La densidad no es lo mismo que el peso. Es la relación entre la masa de algo y el espacio que ocupa: cuánta materia hay comprimida en un volumen determinado. Se calcula así:

ρ = m / V

Donde ρ (rho) es la densidad, m es la masa en gramos o kilogramos y V es el volumen en centímetros cúbicos o litros.

Dos objetos pueden pesar exactamente lo mismo y tener densidades muy distintas si ocupan volúmenes diferentes. Y cuando dos sustancias no se mezclan, la que tiene menor densidad siempre termina arriba: eso es lo único que decide qué flota sobre qué.

Por qué el hielo flota: el agua es una rareza

En casi todos los materiales, el sólido es más denso que el líquido: las moléculas se compactan al enfriarse. El agua hace justo lo contrario. Al congelarse, sus moléculas se ordenan en una red cristalina con más espacio vacío entre ellas, así que el hielo ocupa más volumen que la misma masa de agua líquida.

Agua líquida (a 4 °C, su punto más denso): ρ ≈ 1.00 g/cm³.

Hielo: ρ ≈ 0.92 g/cm³, alrededor de un 8% menos denso que el agua que lo rodea.

Por Arquímedes, la fracción de un objeto que queda sumergida es igual a la relación entre su densidad y la del líquido: 0.92 ÷ 1.00 ≈ 92%. Por eso un cubo de hielo en agua dulce flota con cerca del 92% bajo la superficie y solo un 8% visible —el origen real de la frase "la punta del iceberg".

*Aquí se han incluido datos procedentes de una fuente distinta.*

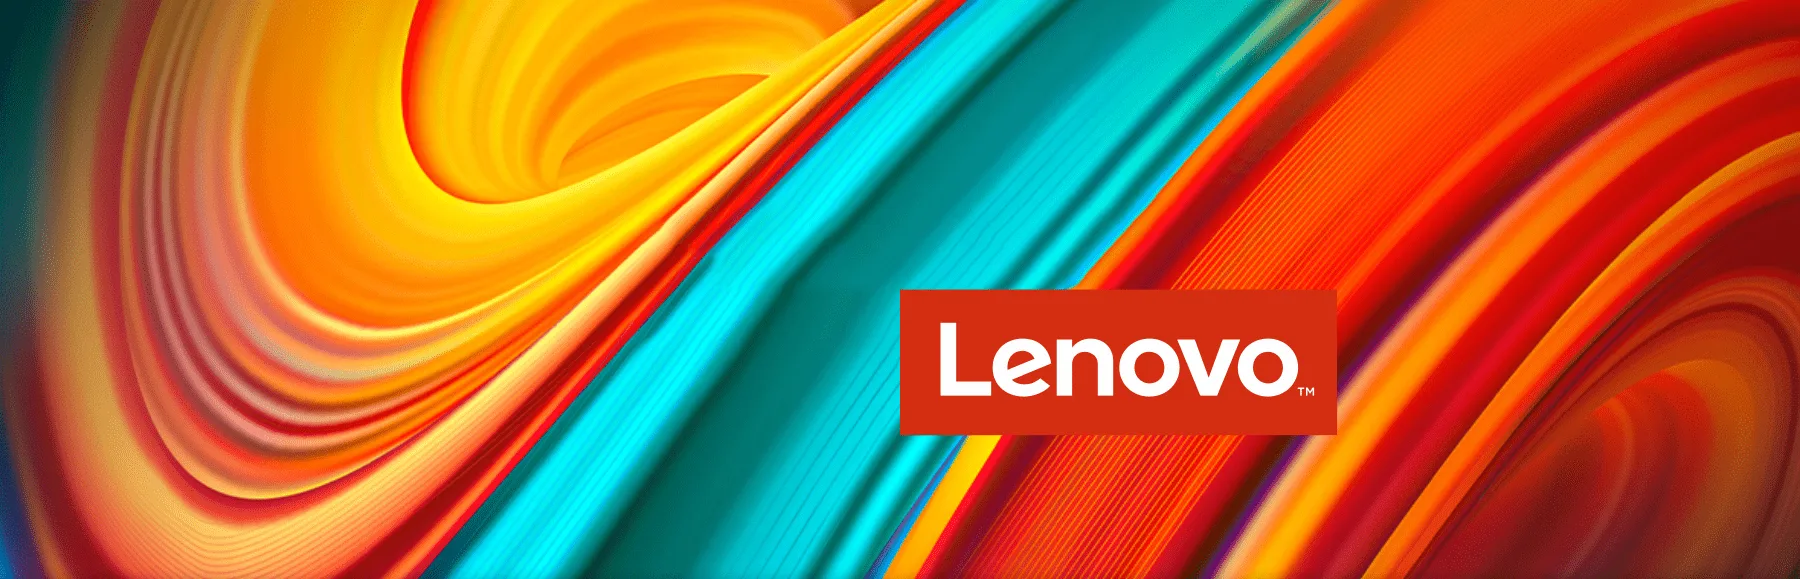 Productos Lenovo

En agua de mar, algo más densa (≈1.025 g/cm³) por la sal disuelta, esa proporción cambia un poco: un iceberg queda con cerca del 90% sumergido, lo que deja un 10% visible sobre la superficie.

Aceite y agua: por qué no se mezclan aunque floten igual

El aceite también es menos denso que el agua, así que también flota. Pero ahí termina el parecido con el hielo: el aceite no se congela para quedar arriba, y aunque lo agites con fuerza, en cuanto se detiene vuelve a separarse.

Aceite vegetal: ρ ≈ 0.92 g/cm³.

Agua (a temperatura ambiente): ρ ≈ 1.00 g/cm³.

La diferencia de densidad (0.92 frente a 1.00) explica por qué, una vez separados, el aceite queda encima. Pero no explica por qué no se mezclan desde el principio: eso depende de otra propiedad distinta, la polaridad.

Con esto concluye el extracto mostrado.